_Available data_.
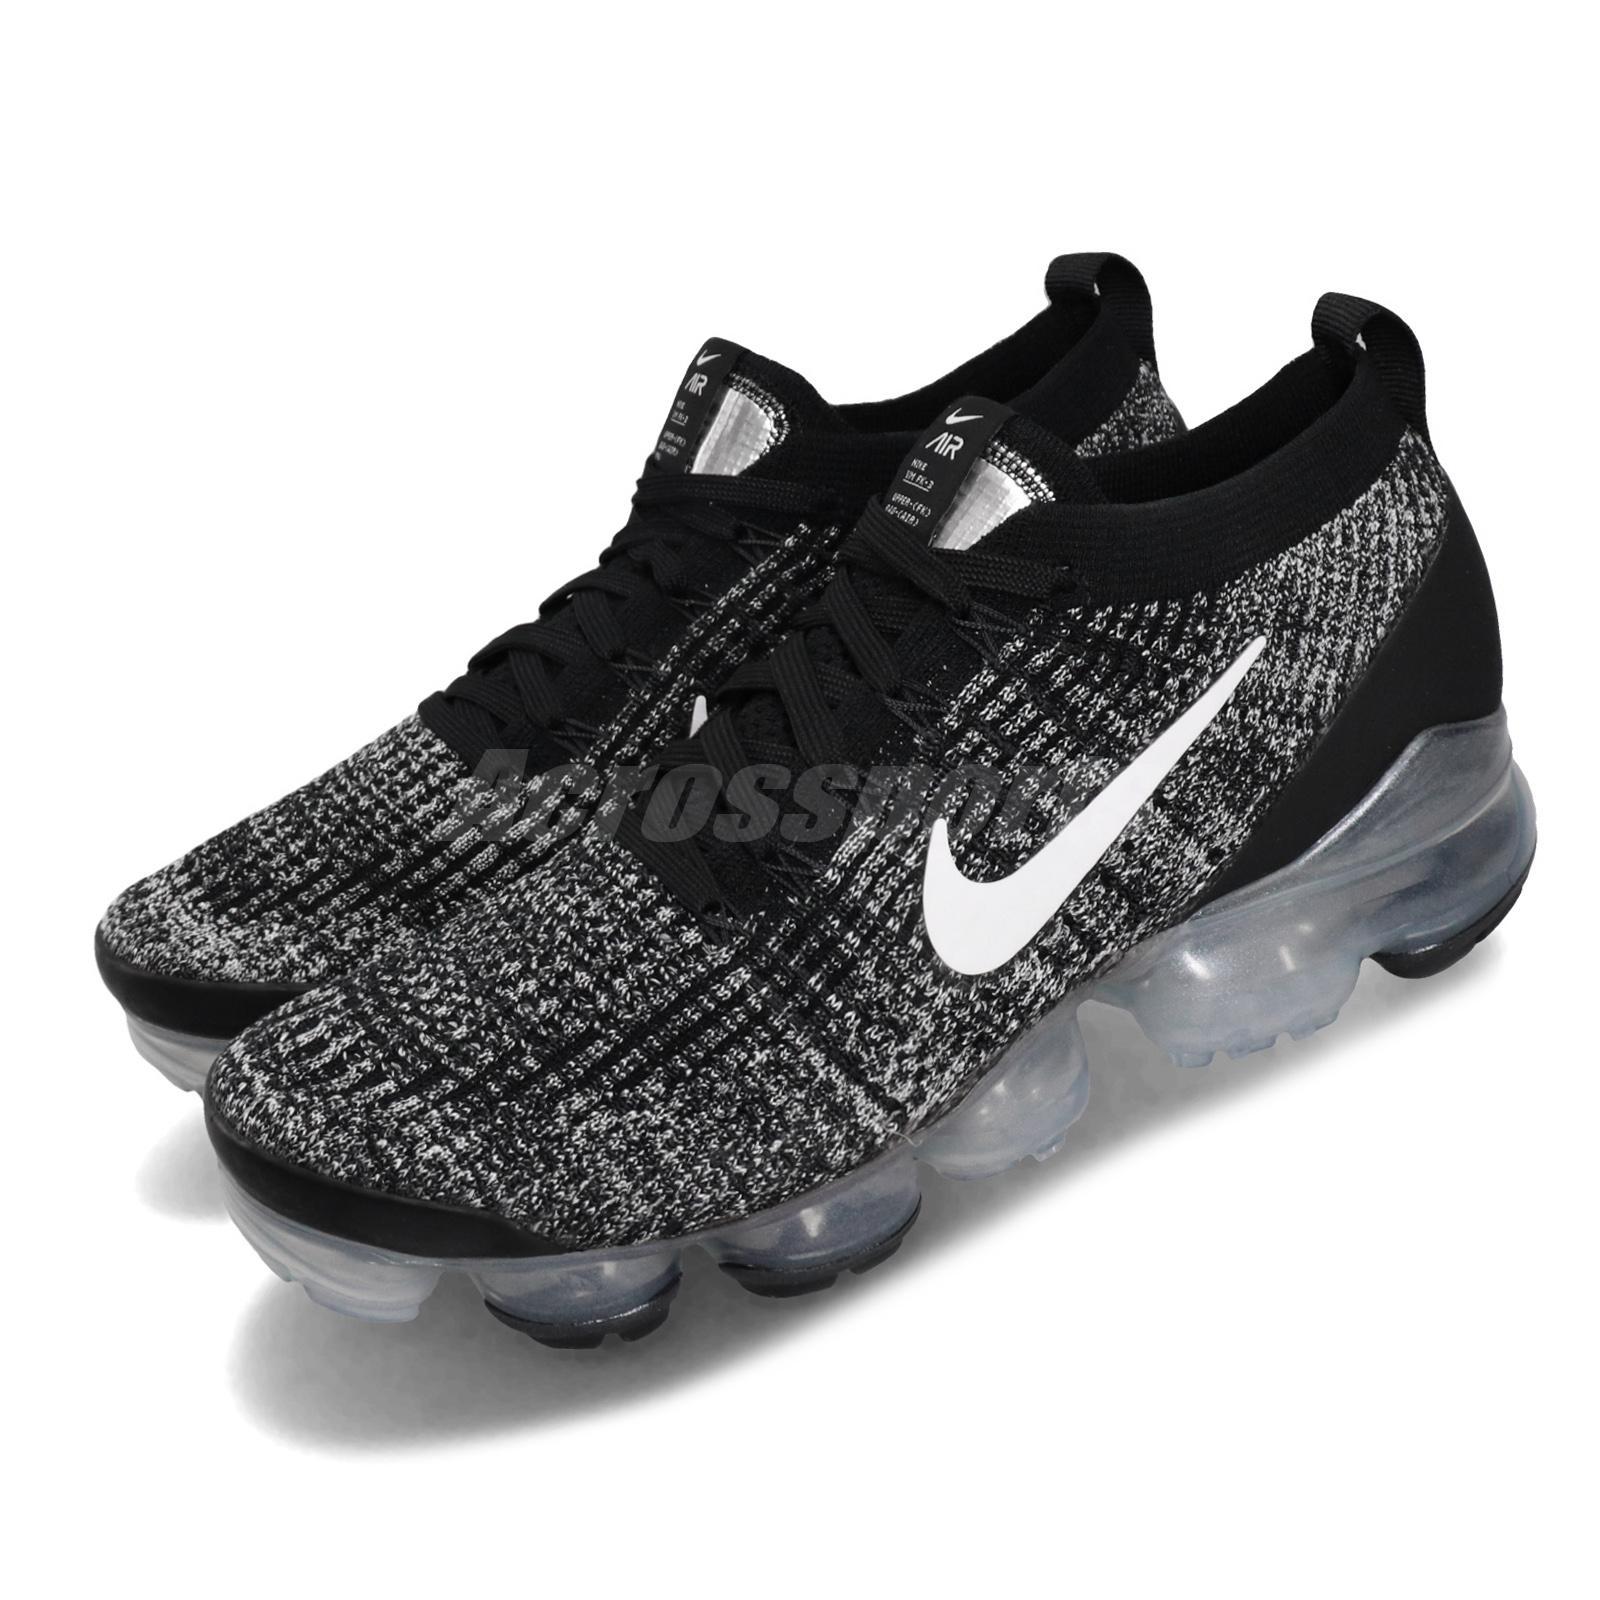 Nike Air Vapormax Flyknit 3 Black White
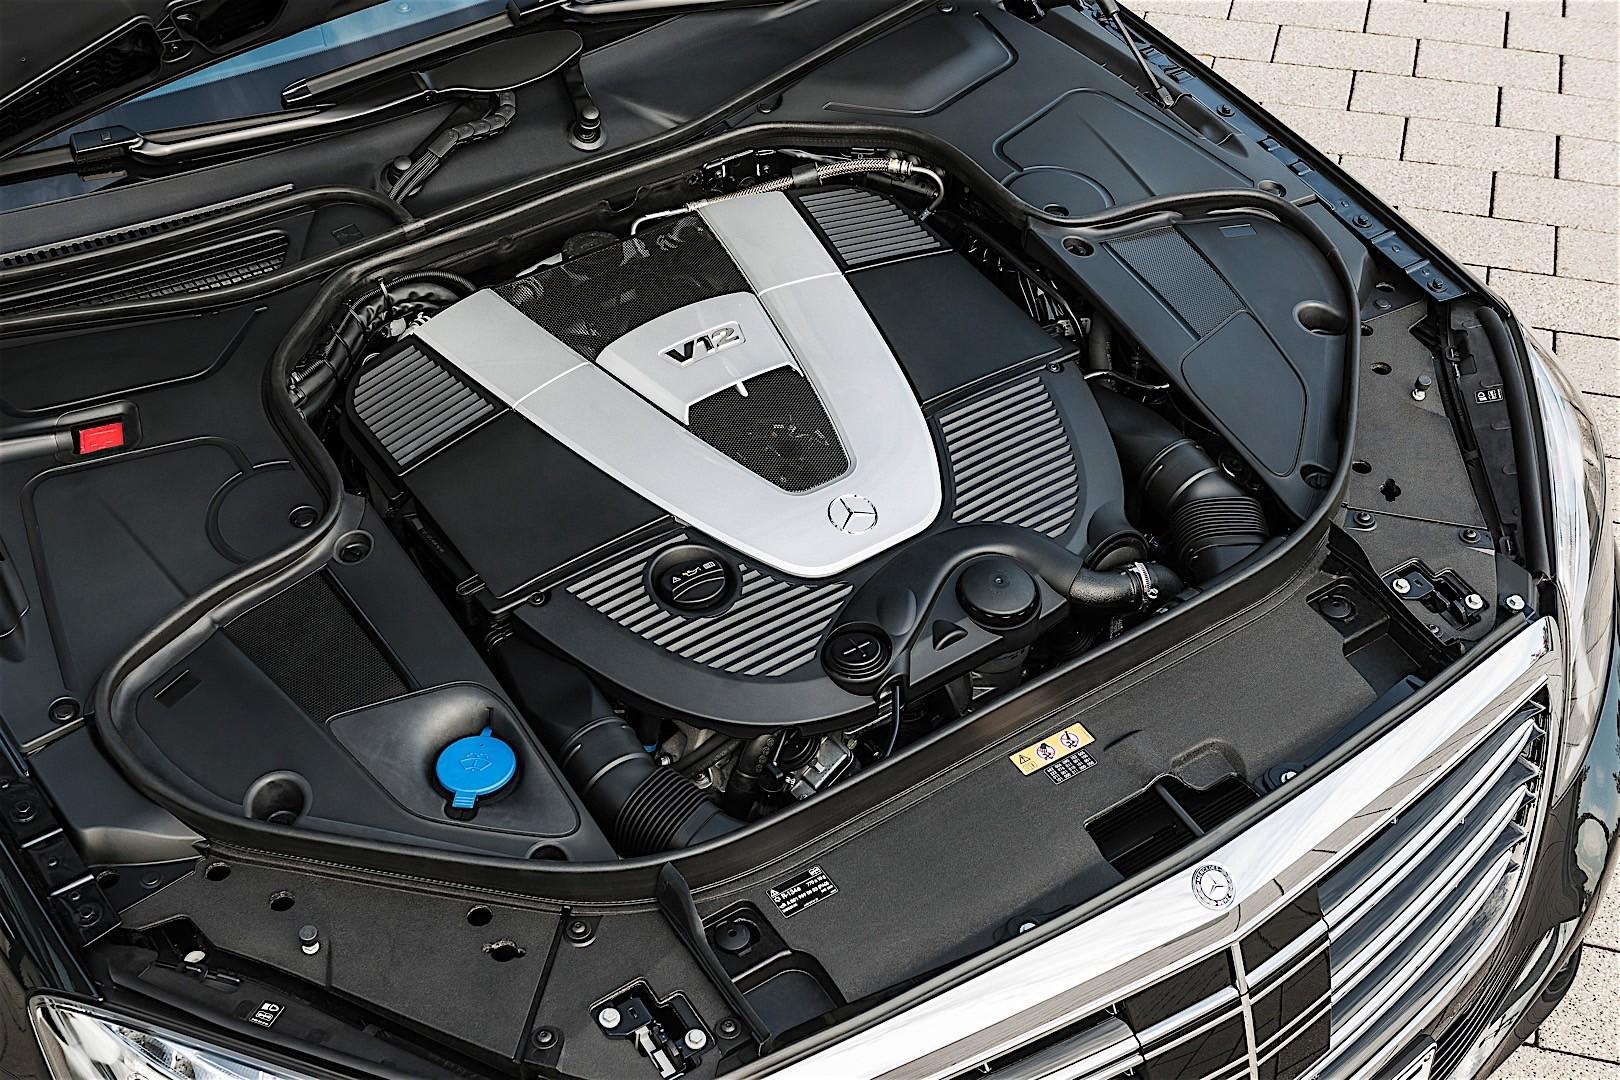 Mercedes Benz Car Battery Life
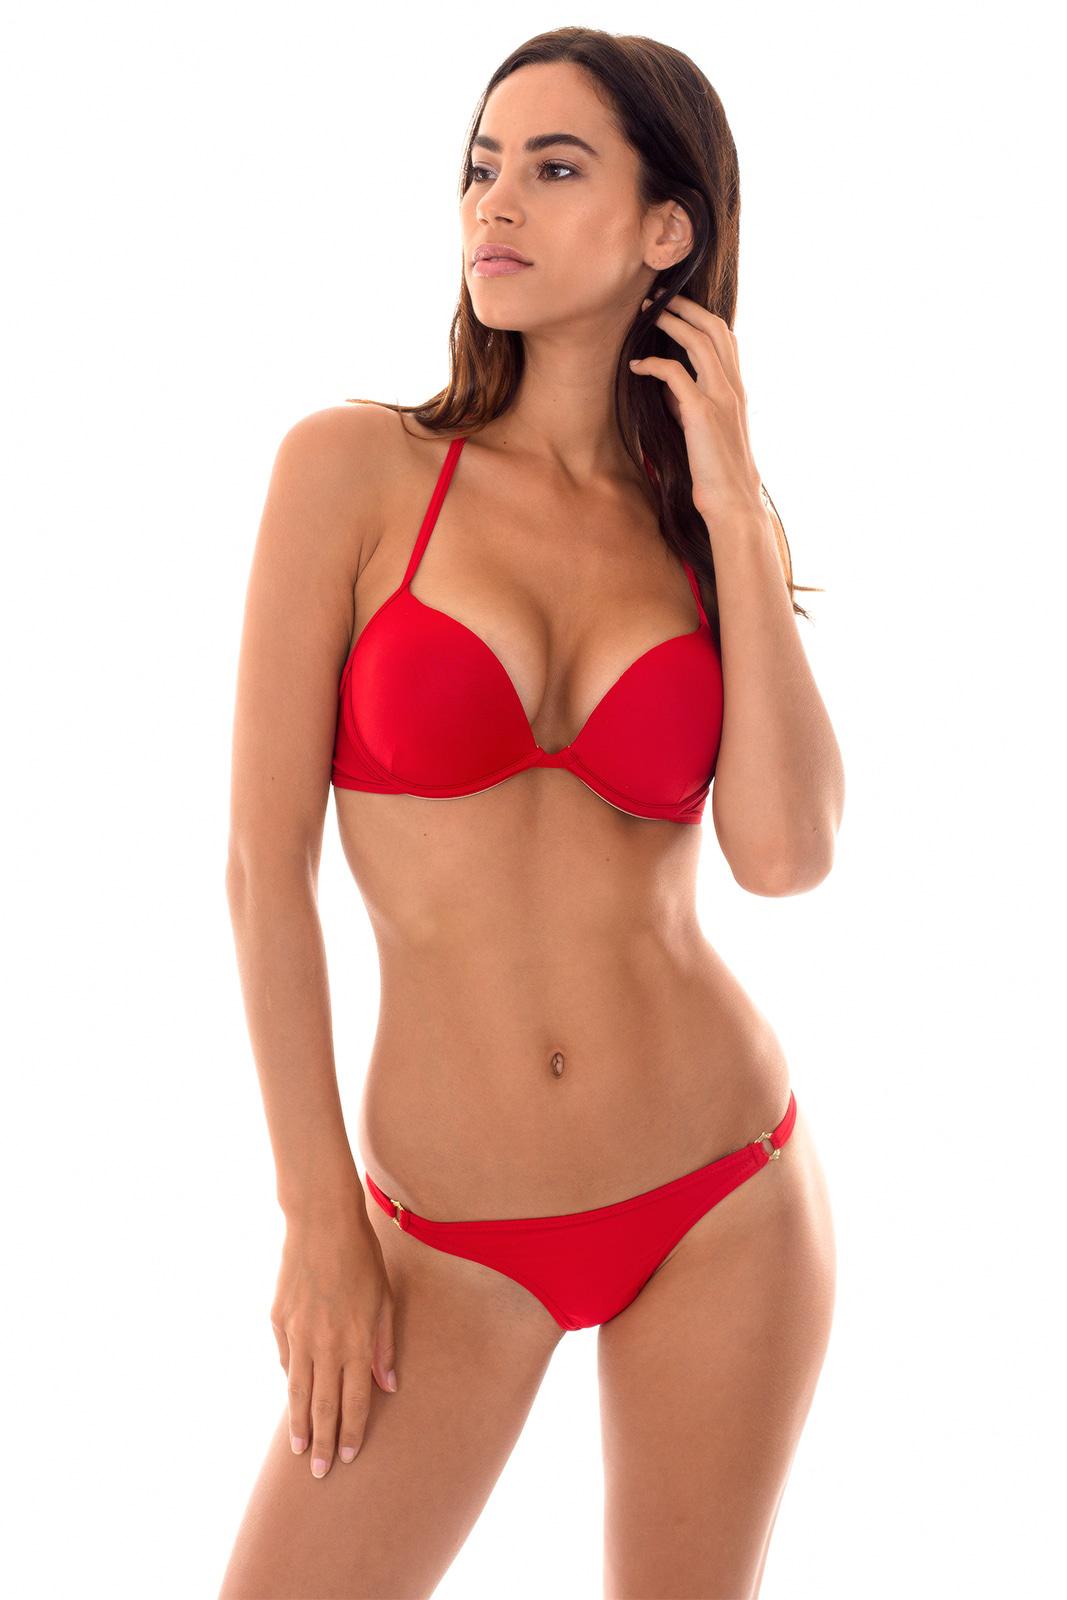 red adjustable string bikini with push up top vermelho super. Black Bedroom Furniture Sets. Home Design Ideas

_Try it_. Without the images, print all of the lines above exactly.

_Reply to the task_.
 Nike Air Vapormax Flyknit 3 Black White
 Mercedes Benz Car Battery Life
 red adjustable string bikini with push up top vermelho super. Black Bedroom Furniture Sets. Home Design Ideas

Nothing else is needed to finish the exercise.